It is a strange fact of history that a land so filled with ruins should be inhabited, or being inhabited, the ruins should not have been utilized or removed. Moses foresaw, and so stated the fact. The land flowing with milk and honey became desolate. Dr. Olin remarks: "The very labor which was expended on these sterile hills in former times has increased their present sterility. The natural vegetation has been swept away, and no human cultivation now occupies the terraces which once took the place of forests and pastures." Speaking of the district about Lake Huleh, Mark Twain said: "It is seven in the morning; and as we are in the country, the grass ought to be sparkling with dew, the flowers enriching the air with their fragrance, and the birds singing in the trees. But alas, there is no dew here, nor flowers, nor birds, nor trees. There is a plain and an unshaded lake, and beyond them some barren mountains."-"The New Pilgrim’s Progress," page 124.

Though ruined, desolate, bereft of her own people, Palestine was nevertheless to be preeminently a land of pilgrimages; for Moses said that attention should be called to the condition of the country by "the foreigner that shall come from a far land." Deuteronomy 29:22. There was to be no wealth to allure, no beauty to attract; still it was to be the land to which the stranger from afar should come. To-day fifty languages are spoken in Jerusalem alone, so numerous are the different peoples represented. ("Encyclopedia Britannica," eleventh edition, article "Palestine.")

"And Jehovah will scatter thee among all peoples, from the one end of the earth even unto the other end of the earth. . . . And among these nations, shalt thou find no ease, and there shall be no rest for the sole of thy foot. . . . And thy life shall hang in doubt before thee; and thou shalt fear night and day, and shalt have no assurance of thy life." Deuteronomy 28:64-66.

There is nothing in all history so pathetic and so terrible as the tale of the Jews. Two millions were killed or starved to death or sold into slavery worse than death in A. D. 70. Over half a million more were slaughtered by the Romans sixty years later. The history of the Jews has been but the record of the slaughter of a nation, extending over nineteen centuries. "No fanatic monk," says Milman, "set the populace in commotion, no public calamity took place, no atrocious or extravagant report was propagated, but it fell upon the heads of this unhappy caste. In Germany, the black plague raged in all its fury; and wild superstition charged the Jews, as elsewhere, with causing and aggravating the misery, and themselves enjoying a guilty comparative security amid the universal desolation. . . . The same dark stories were industriously propagated, readily believed, and ferociously avenged, of fountains poisoned, children crucified, the Host stolen and outraged. . . . Still, persecuted in one city, they fled to another, and thus spread over the whole of Germany, Brunswick, Austria, Franconia, the Rhine provinces, Silesia, Brandenburg, Bohemia, Lithuania, and Poland. Oppressed by the nobles, anathematized by the clergy, hated as rivals in trade by burghers in commercial cities, despised and abhorred by the populace, their existence is known by the chronicle, rarely of protective edicts, more often of their massacres."-"History of the Jews," volume 3, pages 222, 223.

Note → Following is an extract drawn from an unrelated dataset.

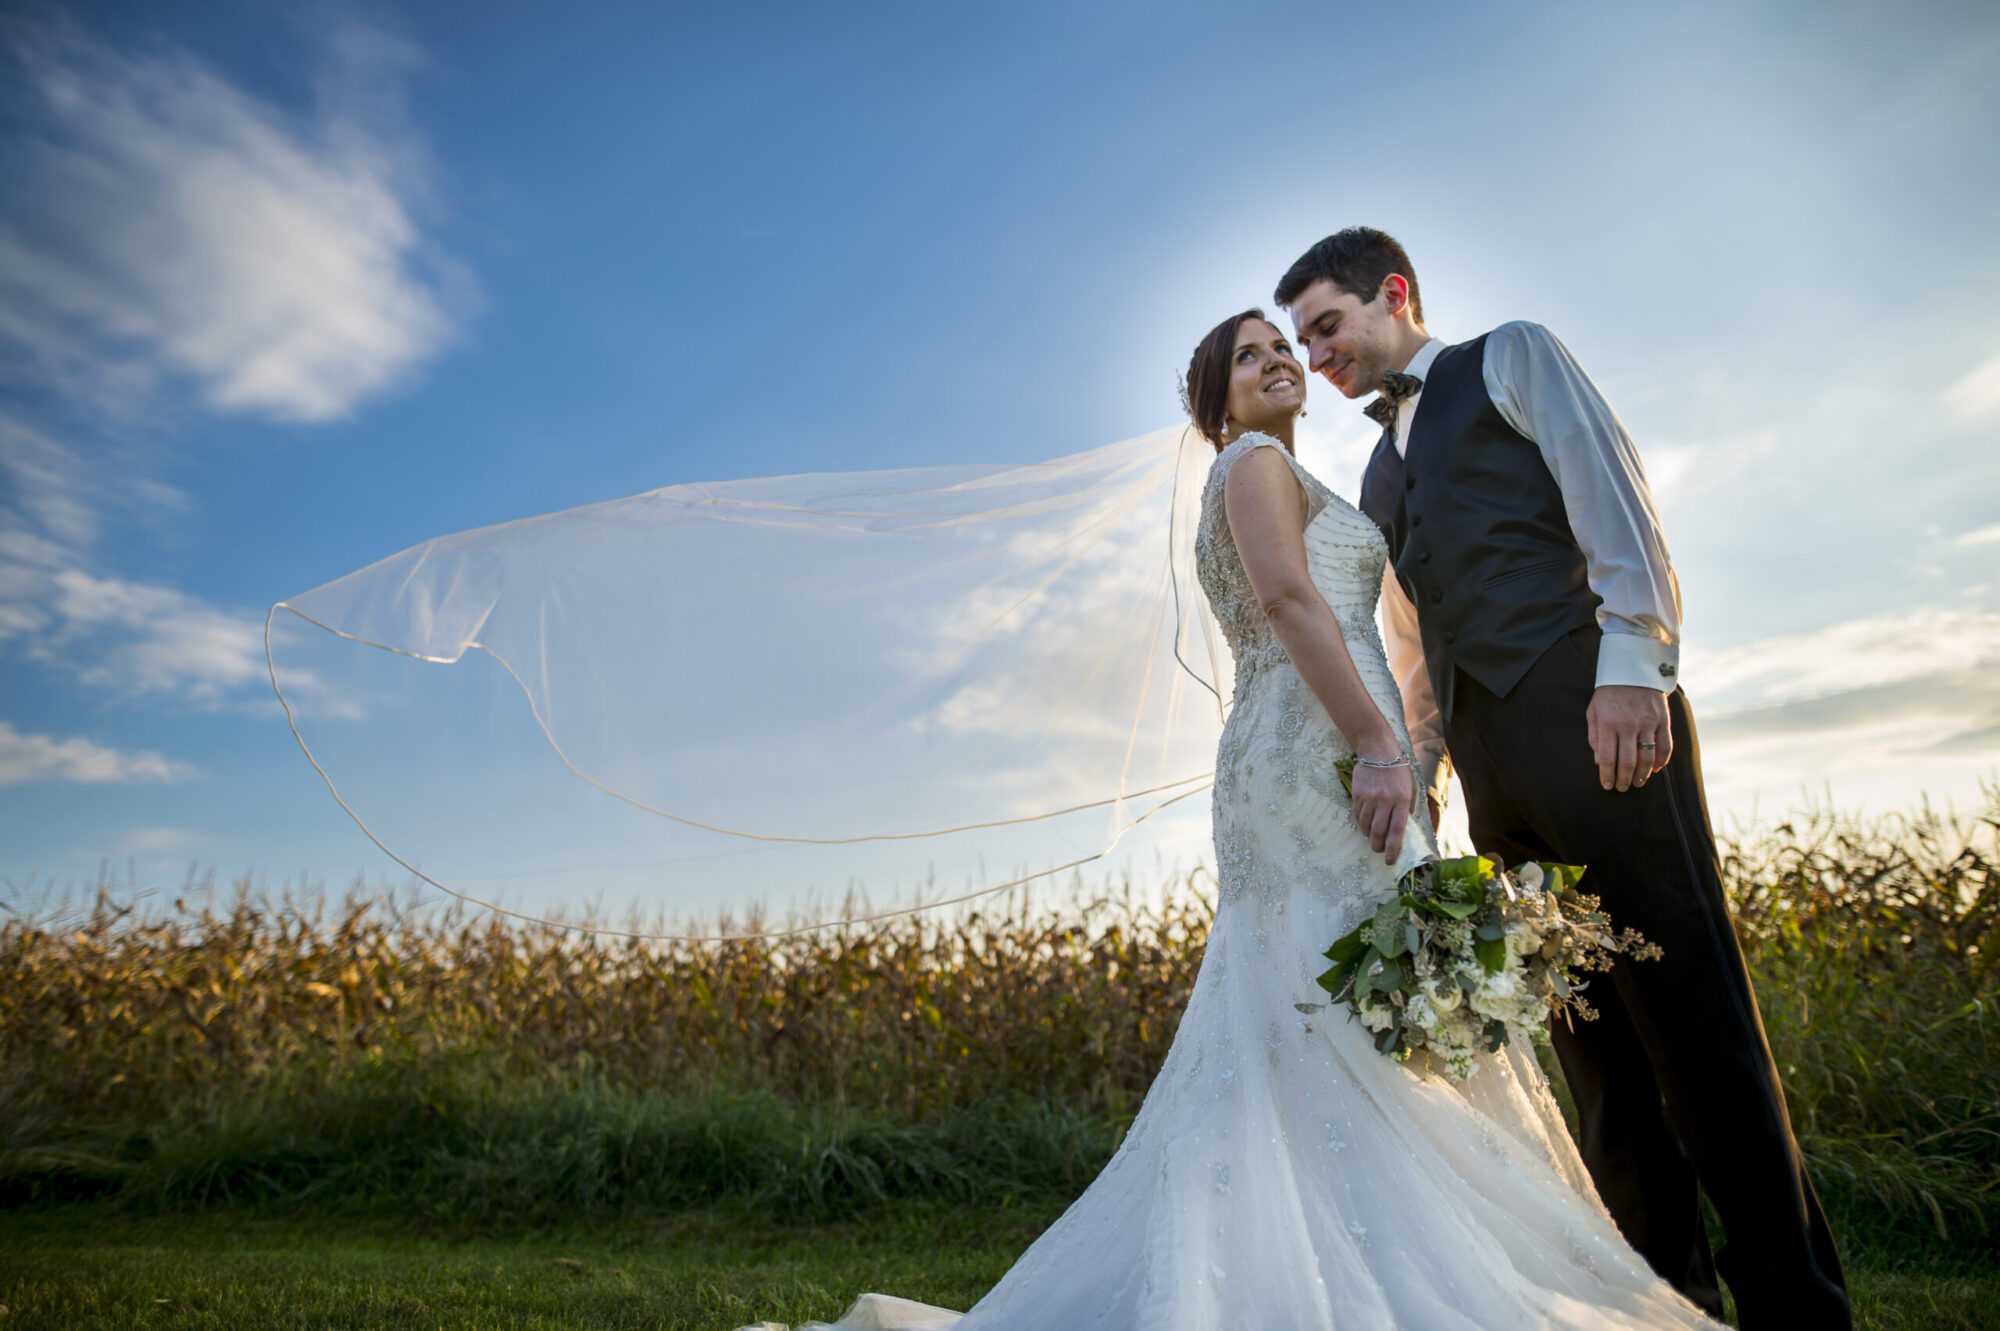 A bride and groom posing together on their wedding day in front of a corn field. The bride's vail hangs in the air behind her. Family and wedding photography in Pittsburgh.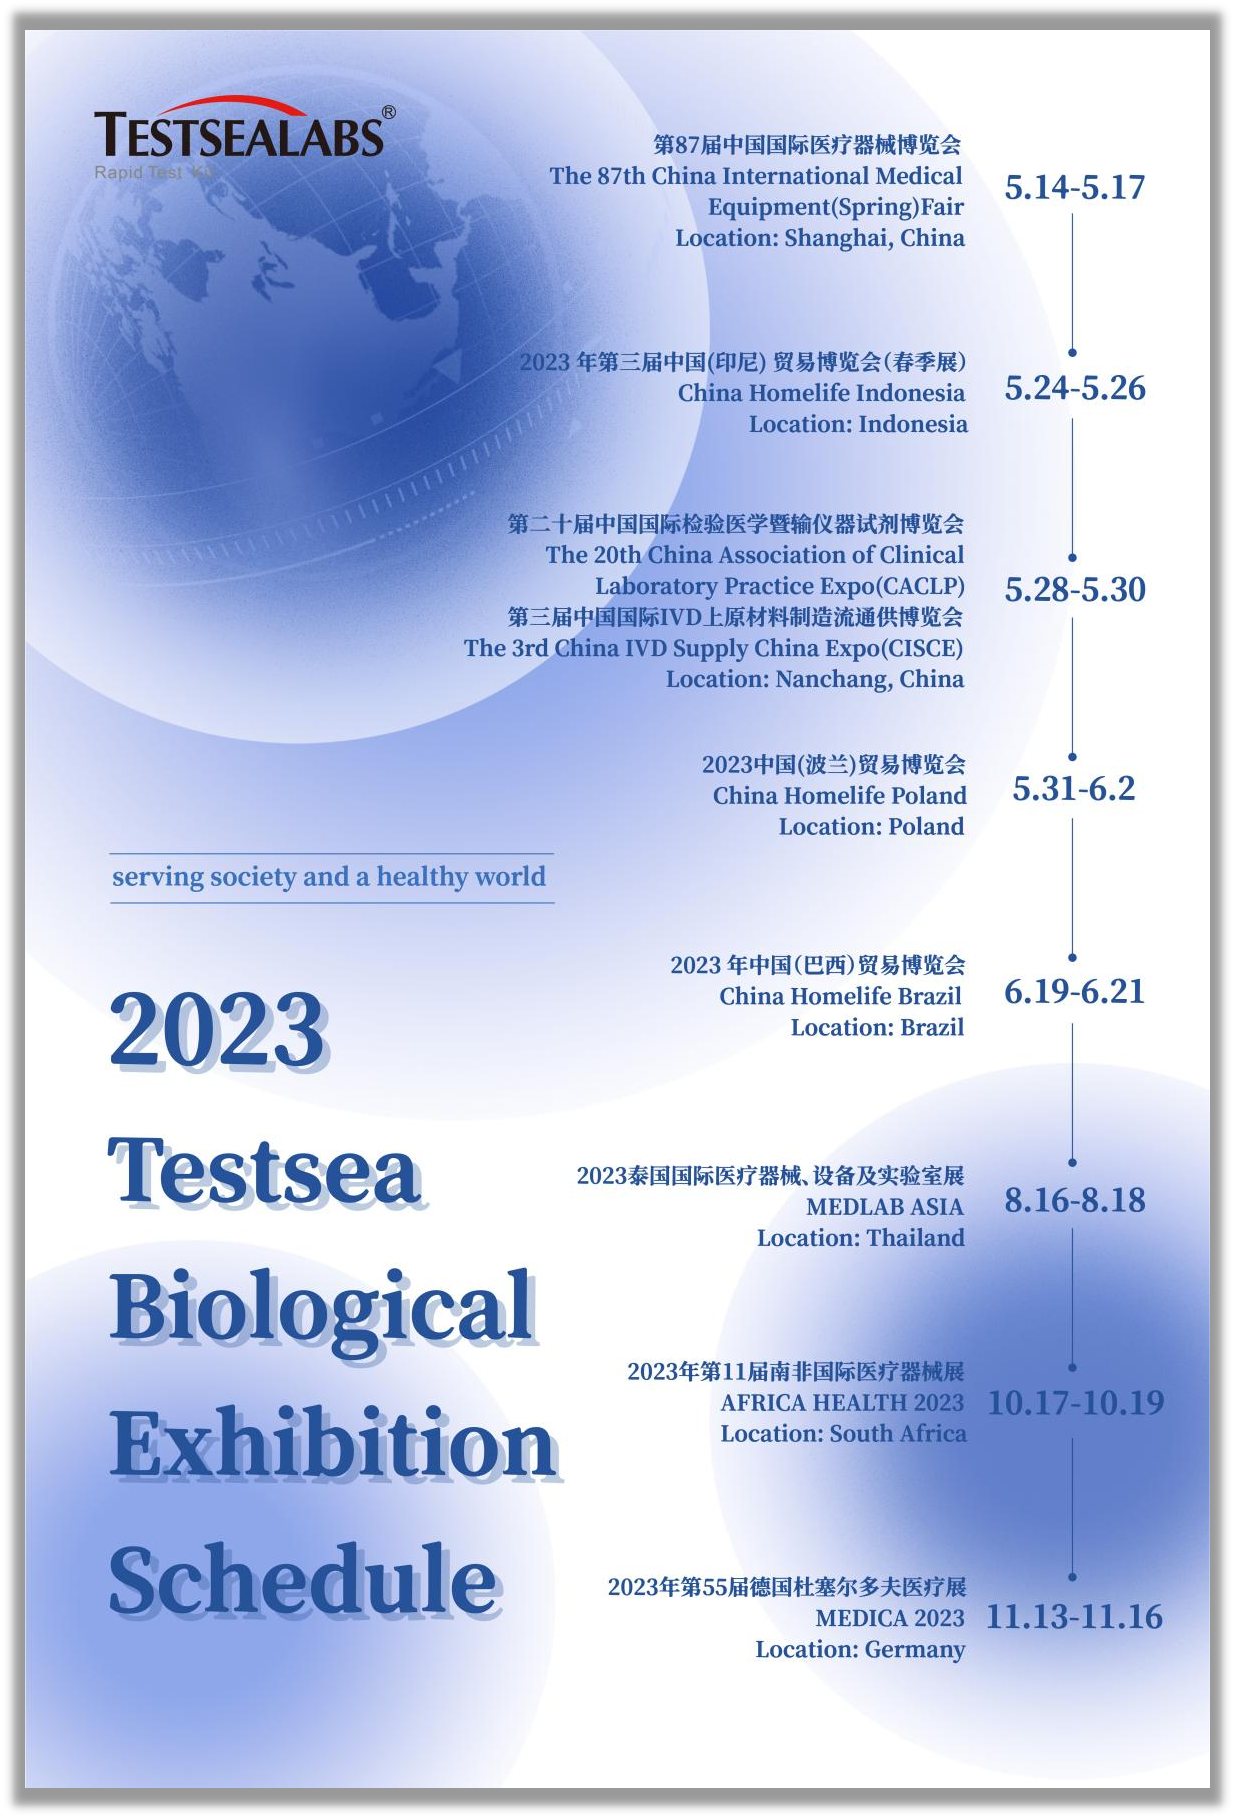 2023 Testsea Biological Exhibition Time

Strange as it seems, rooted out of their own land, without central government, without ruler, scattered over the whole earth, they have nevertheless been preserved. "Massacred by thousands, yet springing up again from their undying stock, the Jews appear at all times and in all regions. Their perpetuity, their national immortality, is at once the most curious problem to the political inquirer; to the religious man a subject of profound and awful admiration."-Milman, "History of the Jews," volume 2, pages 398, 399.

Even to-day we are often startled and shocked by the news of some dread and sudden massacre of the Jews in foreign lands, reminding us that the sword is still drawn out after this unfortunate people. But that is not all. "Jehovah will bring thee, and thy king whom thou shalt set over thee, unto a nation that thou hast not known, thou nor thy fathers; and there shalt thou serve other gods, wood and stone." Deuteronomy 28:36. In Deuteronomy 28:64, the same doom is repeated when they shall be scattered over the earth. The temple of Jupiter Capitolinus and the temple of Jerusalem were destroyed the same day. The temple tax of half a shekel paid by every Jew for the maintenance of their temple was after this, used to help rebuild the Roman temple. In vain they refused to pay. They were compelled to lay their offering on the altar of Jove. Not only were they thus obliged to worship the idols of heathen Rome, but papal Rome exacted a greater toll from them, forcing thousands of them to build for her houses of worship, and to supply the money for the adorning and worshiped images; and many of the Jews were compelled to worship these images on pain of death. Thus they worshiped gods, which neither they nor their fathers had known.

Still further, "The children of Israel shall abide many days without king, and without prince, and without sacrifice, and without pillar, and without ephod or teraphim." Hosea 3:4. As we know, the last king perished in the first century; but a prince of the captivity was honored for centuries. The last prince of the captivity perished on the scaffold in the eleventh century. And they have now been "many days without king, and without prince."

They were to be "without sacrifice, and without pillar." The pillar has reference to even the rudest holy place for sacrifice. For eighteen centuries, there has been neither sacrifice nor holy place to Israel an almost unbearable punishment.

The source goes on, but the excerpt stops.